Abstract
Seasonal forecasting with a coupled model requires accurate initial conditions for the ocean. A hybrid data assimilation has been implemented within the National Centers for Environmental Prediction (NCEP) Global Ocean Data Assimilation System (GODAS) as a future replacement of the operational three-dimensional variational data assimilation (3DVar) method. This Hybrid-GODAS provides improved representation of model uncertainties by using a combination of dynamic and static background error covariances, and by using an ensemble forced by different realizations of atmospheric surface conditions. An observing system simulation experiment (OSSE) is presented spanning January 1991 to January 1999, with a bias imposed on the surface forcing conditions to emulate an imperfect model. The OSSE compares the 3DVar used by the NCEP Climate Forecast System (CFSv2) with the new hybrid, using simulated in situ ocean observations corresponding to those used for the NCEP Climate Forecast System Reanalysis (CFSR).

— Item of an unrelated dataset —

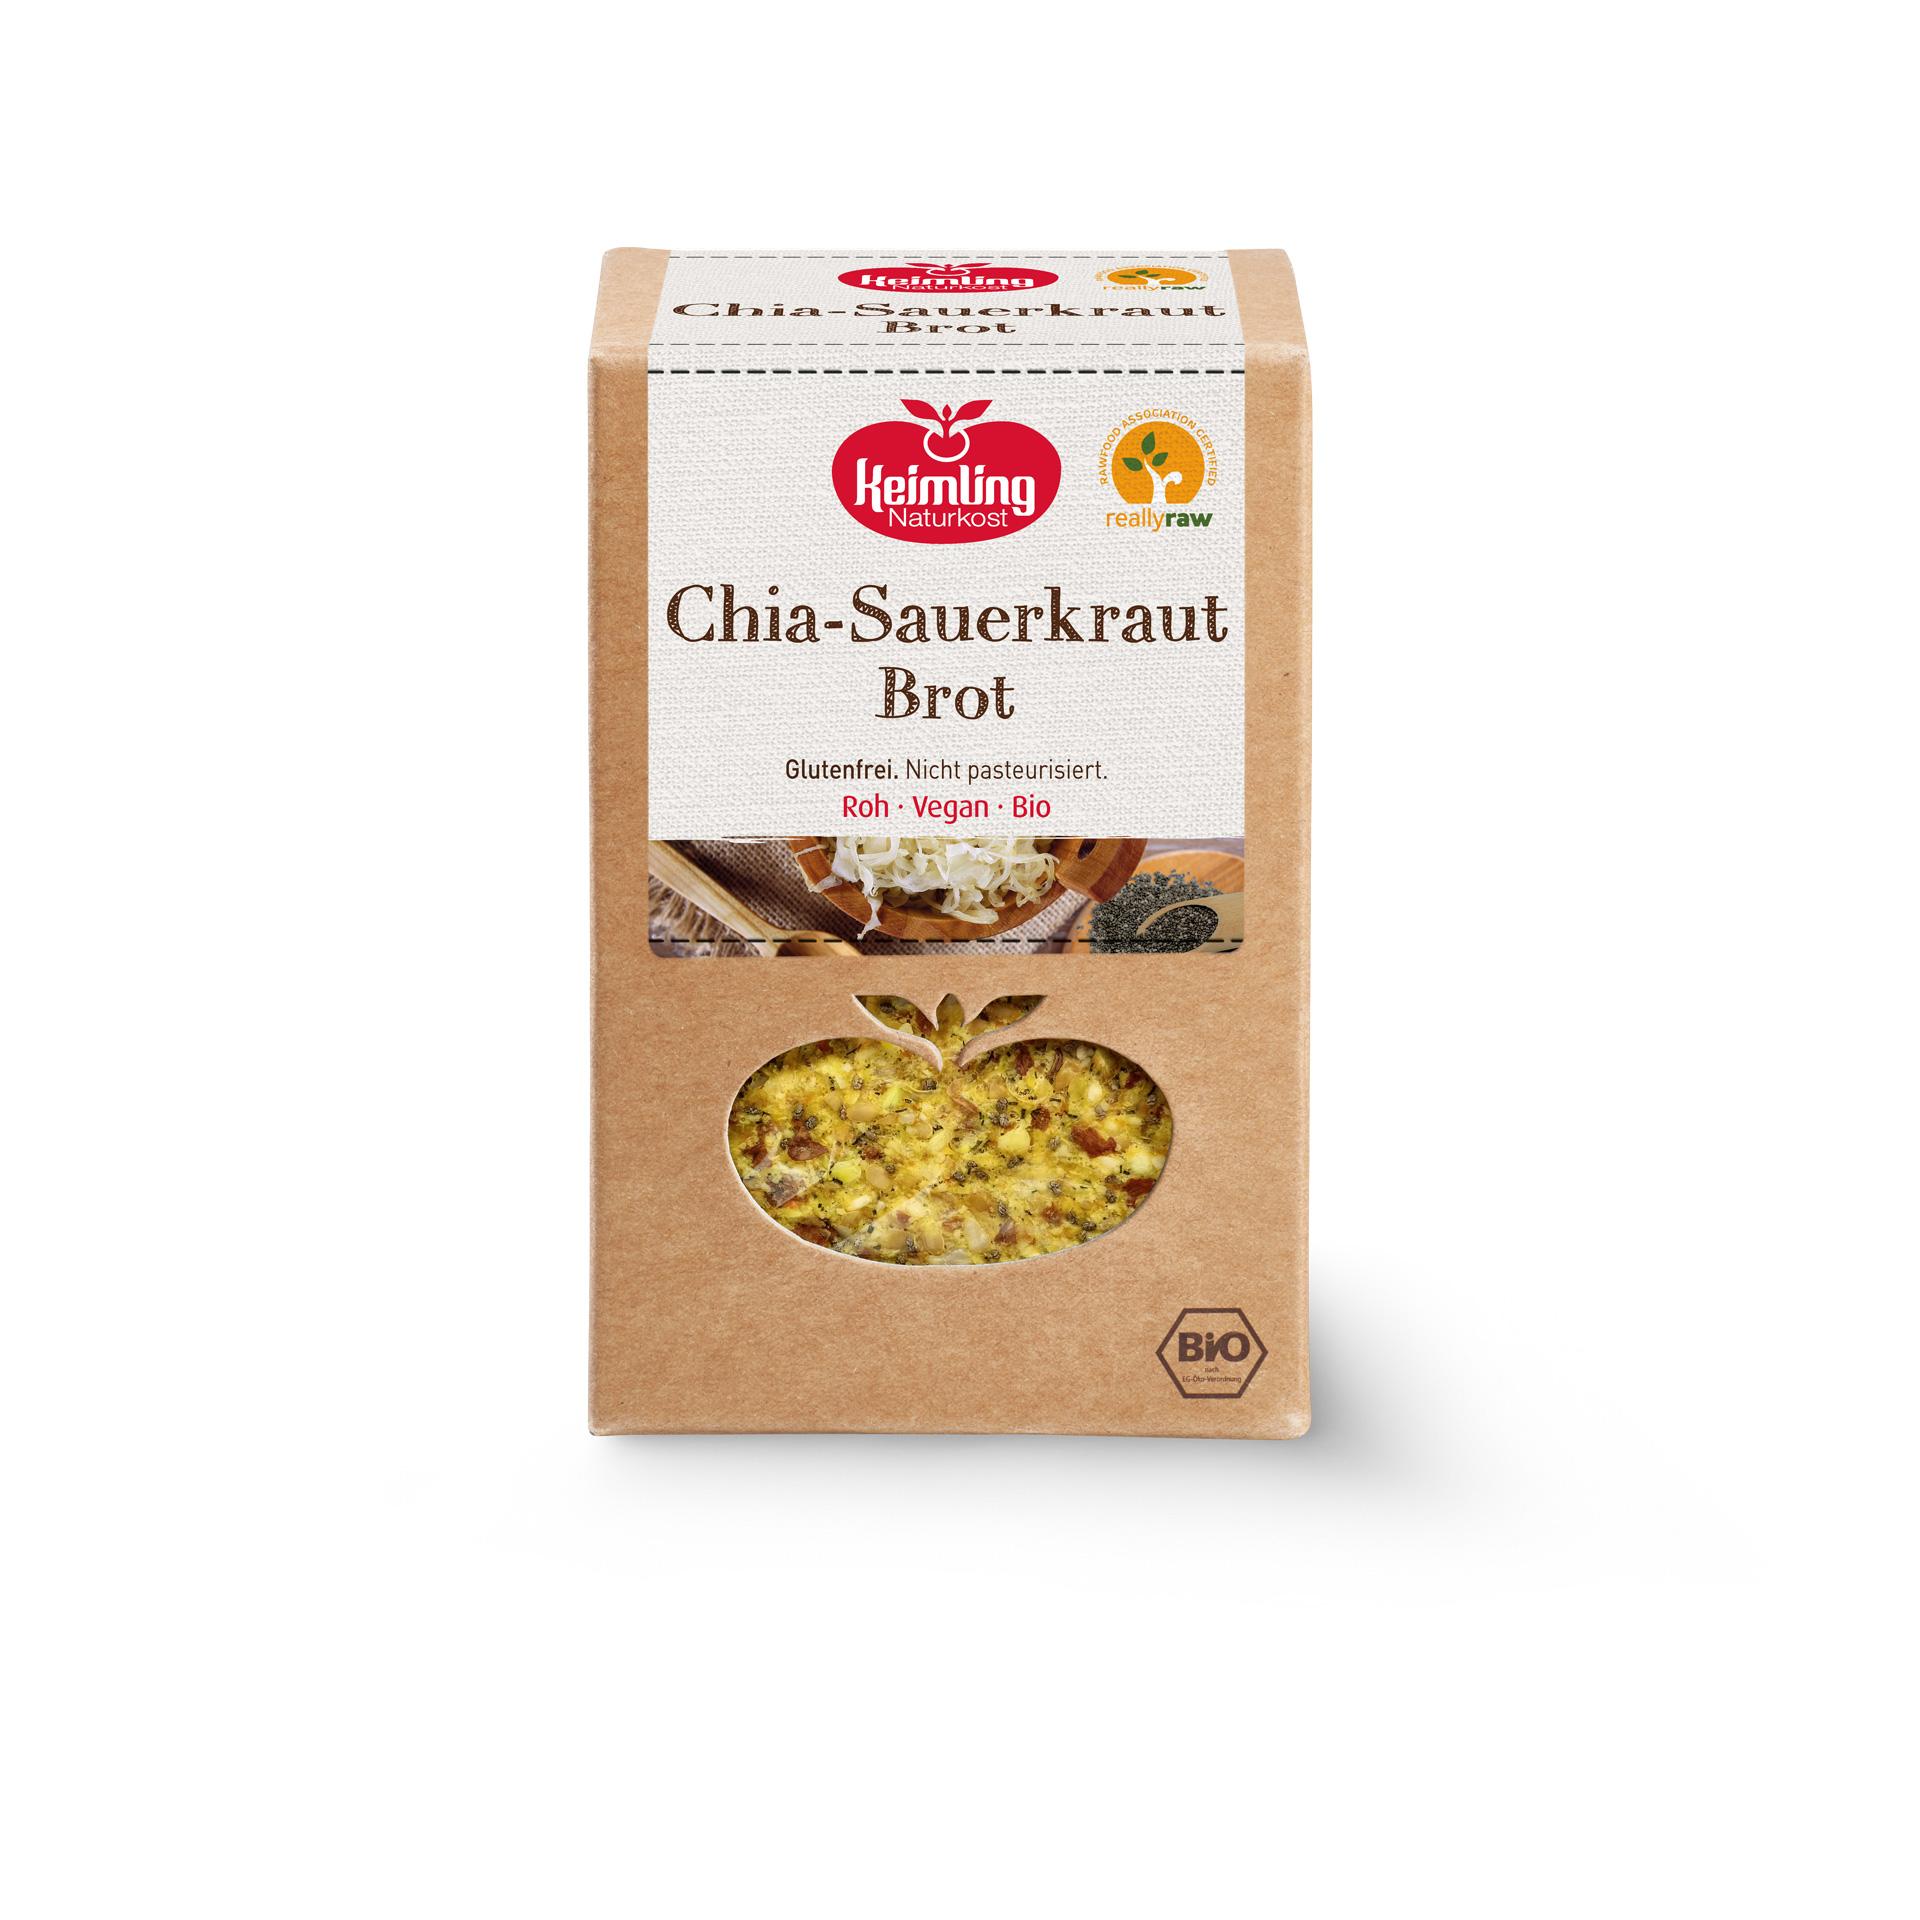 Chia-Sauerkraut Brot von Keimling Naturkost, really-raw zertifiziert

The Hybrid-GODAS reduces errors for all prognostic model variables over the majority of the experiment duration, both globally and regionally. Compared to an ensemble Kalman filter (EnKF) used alone, the hybrid further reduces errors in the tropical Pacific. The hybrid eliminates growth in biases of temperature and salinity present in the EnKF and 3DVar, respectively. A preliminary reanalysis using real data shows that reductions in errors and biases are qualitatively similar to the results from the OSSE. The Hybrid-GODAS is currently being implemented as the ocean component in a prototype next-generation CFSv3, and will be used in studies by the Climate Prediction Center to evaluate impacts on ENSO prediction.